Bickerton, Paolini56 introduced the concept of Quantitative Estimate of Drug-likeness (QED), which considers eight physicochemical properties. The number of rotatable bonds (ROTBs), the number of aromatic rings (nAROMs), the presence of alerts for undesirable substructures (ALERTs, such as PAINS #alert and Brenk #alert), and thermal polar surface area (TPSA) are the four additional parameters added to the original Rule of Five criteria (MW, iLOGP, HBAs, and HBDs). Compared to traditional drug-likeness regulations, the QED idea is more adaptable and extensively used. To evaluate the pharmacokinetic characteristics of the developed drugs, Chemdraw Ultra (version 12.0) was utilized to create two-dimensional structures, and the SMILES notation of each structure was input into the SwissADME interface at http://swissadme.ch/, accessed on 20 September 2023. The SwissADME analysis was conducted, and resulting ADMET properties and parameters were generated, following the methodology outlined by Mishra and Dahima24.

Statistical analysis

R and RStudio were utilized for all statistical analyses.

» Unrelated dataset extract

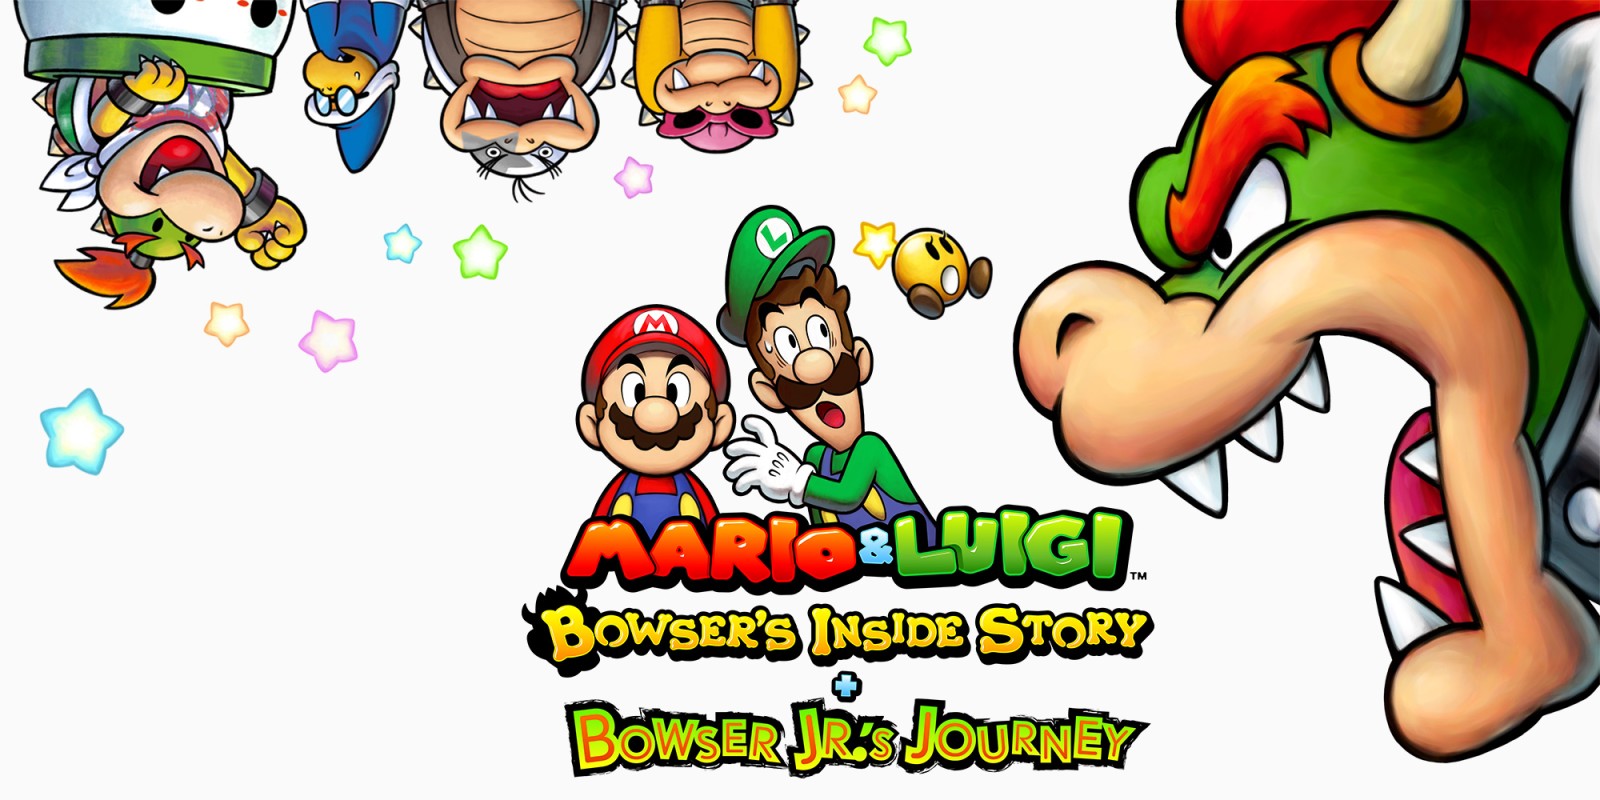 Mario luigi bowsers.
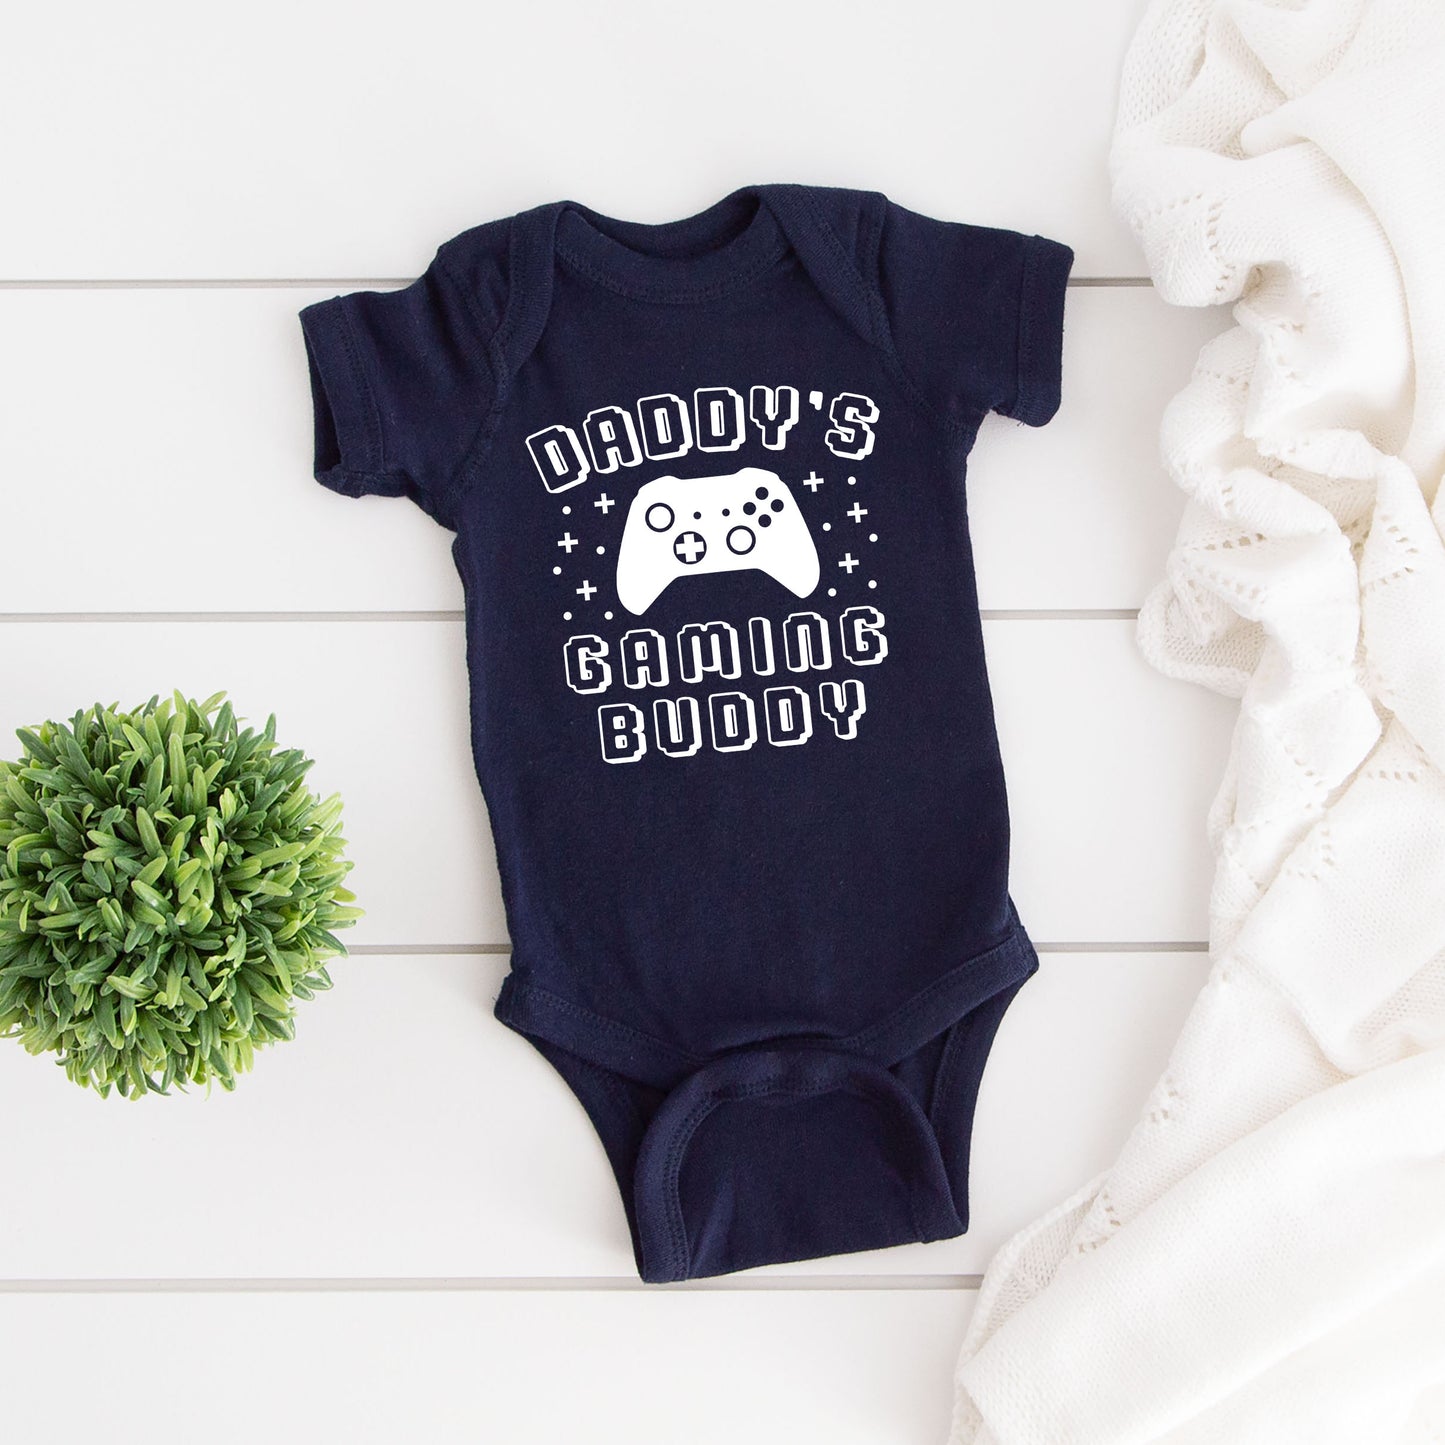 Daddy's Gaming Buddy | Baby Graphic Short Sleeve Onesie

Prior to importing into the R programming environment for additional statistical analysis, data were organized in Microsoft Excel (v 2302). Descriptive statistics, including mean ± standard deviation, were generated in R. A one-way analysis of variance (ANOVA) was employed to compute the significance difference between various concentrations, and the Tukey honestly significant difference (HSD) test was used to confirm the results. Additionally, the R “ecotox” package was employed to calculate the 50% and 90% lethal concentration and lethal time (LC50, LC90, LT50, LT90). The “ggplot2 and ggpubr” R packages were utilized for visually representing the data.

Conclusions

In conclusion, this study highlights the acaricidal potential of the methanolic extract of A. altissima against R. (B.) microplus and H. anatolicum ticks. The observed dose-dependent mortality rates and the superior effectiveness compared to permethrin suggest that A. altissima could be a promising natural alternative for tick control. Molecular docking analyses identified specific compounds, such as, 4-Quinolinecarboxylic acid and Gamma Tocopherol which demonstrated strong binding affinities to target proteins, providing insights into the biochemical mechanisms behind their anti-tick properties. The evaluation of physicochemical properties and ADME characteristics further supports these phytochemicals as potential non-toxic anti-tick agents. With their favorable drug-likeness and solubility profiles, these compounds offer a foundation for developing environmentally friendly tick control strategies. This research provides valuable insights into tick management and emphasizes the potential of A. altissima as a source of effective and sustainable tick control agents. Future studies, however, ought to concentrate on carrying out field tests to evaluate the extract’s efficacy in actual environmental settings. Furthermore, to ensure the sustainability of utilizing plant-based acaricides in integrated pest management systems, long-term safety studies, which include assessments of possible effects on non-target organisms and the environment, should be given top priority. It may strengthen the acaricidal capability of A. altissima and aid long-lasting tick control methods by filling in these research gaps.